Performance Improvements

• Plugin Update Optimization: Prevented running get_plugins() on every admin page load, significantly reducing overhead on admin pages.

• Asynchronous Plugin Updates: Implemented cron for asynchronous update plugin requests, improving admin dashboard loading times.

• Gears Integration Updates: Updated Gears integration in anticipation of Safari support, with improved detection and handling to enhance browser caching capabilities.

Impact Summary

WordPress 2.6.1 is a significant maintenance release that addresses over 50 bugs and issues found in WordPress 2.6. The update focuses on improving stability, security, and compatibility across the platform.

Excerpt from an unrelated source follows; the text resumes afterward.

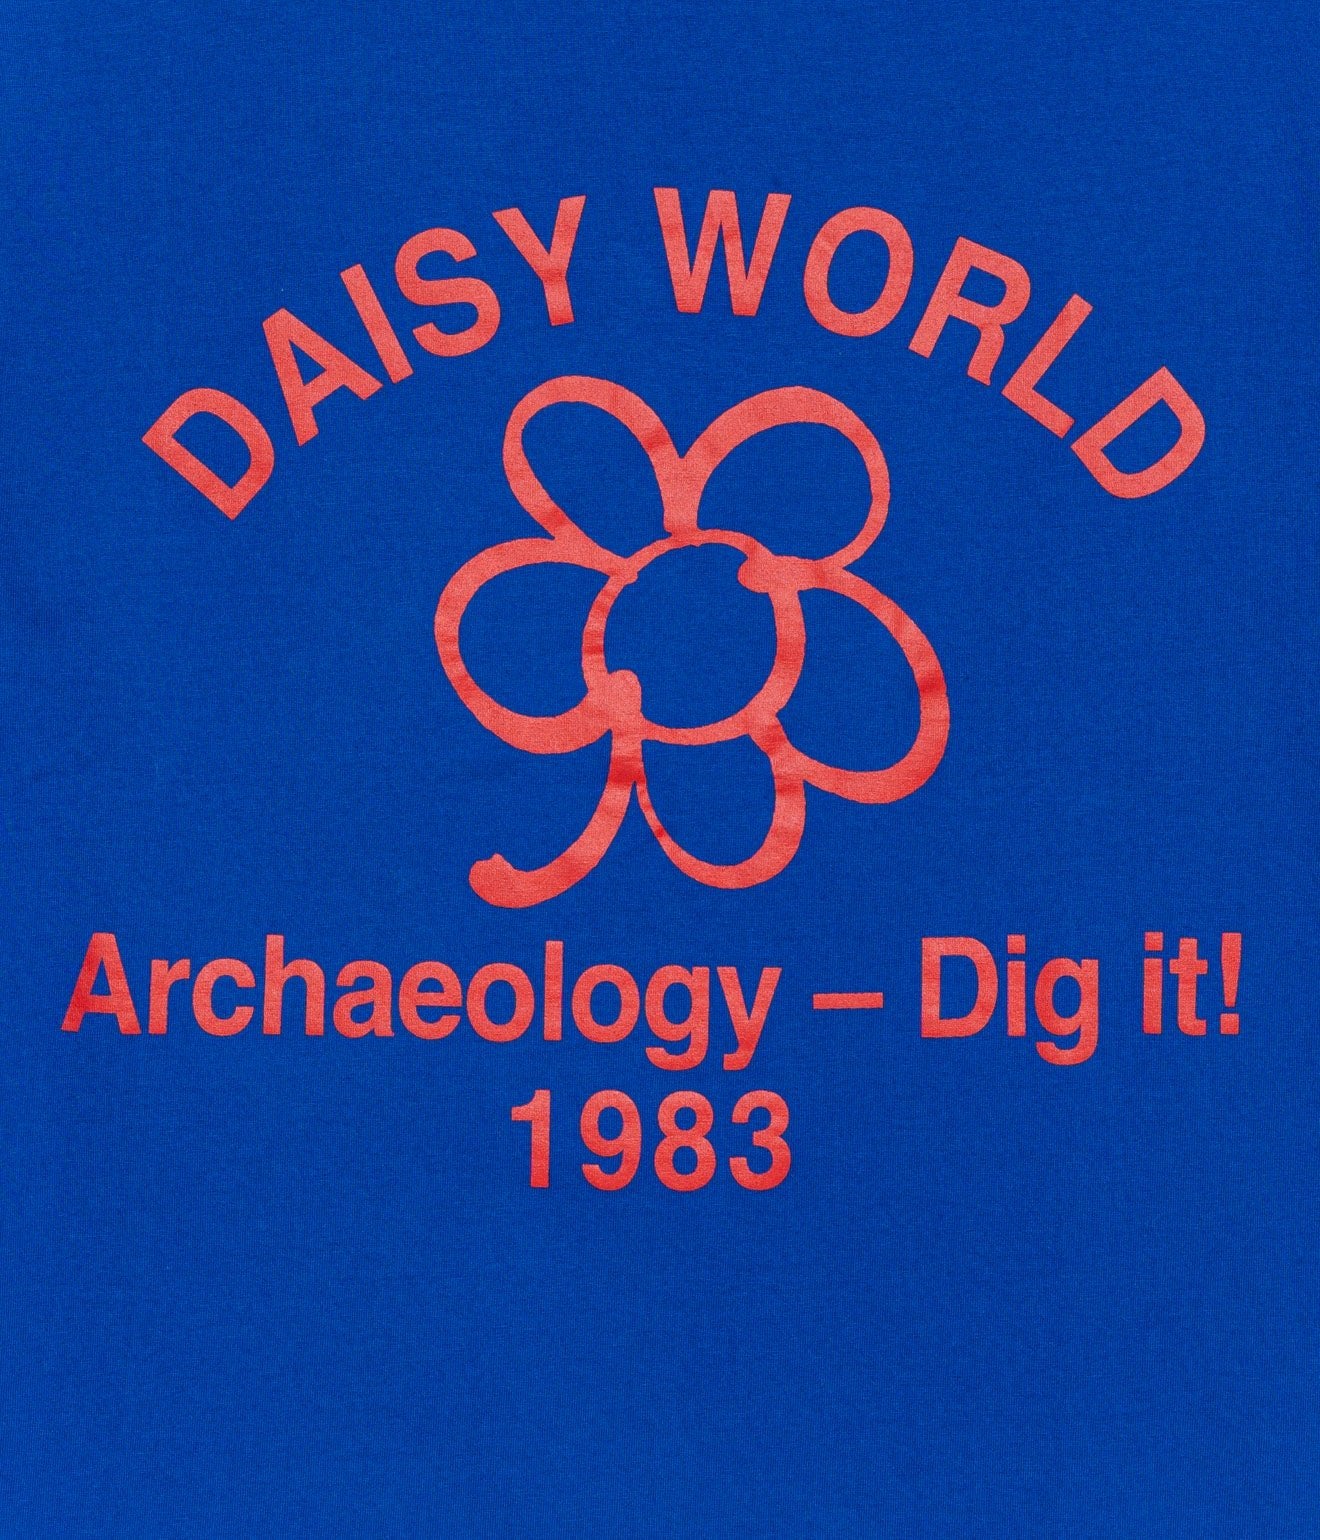 Public Possession "Daisyworld" T-Shirt - WEAREALLANIMALS

Key improvements include fixes for tag handling and custom slugs, which resolves issues with tag duplication that affected many content creators. The AtomPub functionality has been enhanced to prevent draft posts from being auto-published when edited, a critical fix for developers using external editing tools.

Administrators will benefit from improved upload directory handling, better plugin management, and the new ability to disable password reset on a per-user basis. Content creators will appreciate fixes to image captions, Press This functionality, and post revision tracking.

The release also includes several security enhancements, such as improved HTML sanitization and query preparation, making WordPress more resistant to potential attacks. Performance optimizations, particularly around plugin updates, will result in faster admin page loading times.

Overall, WordPress 2.6.1 represents a comprehensive refinement of the 2.6 release, addressing pain points across the platform while maintaining backward compatibility. The absence of breaking changes makes this an easy and recommended upgrade for all WordPress 2.6 users.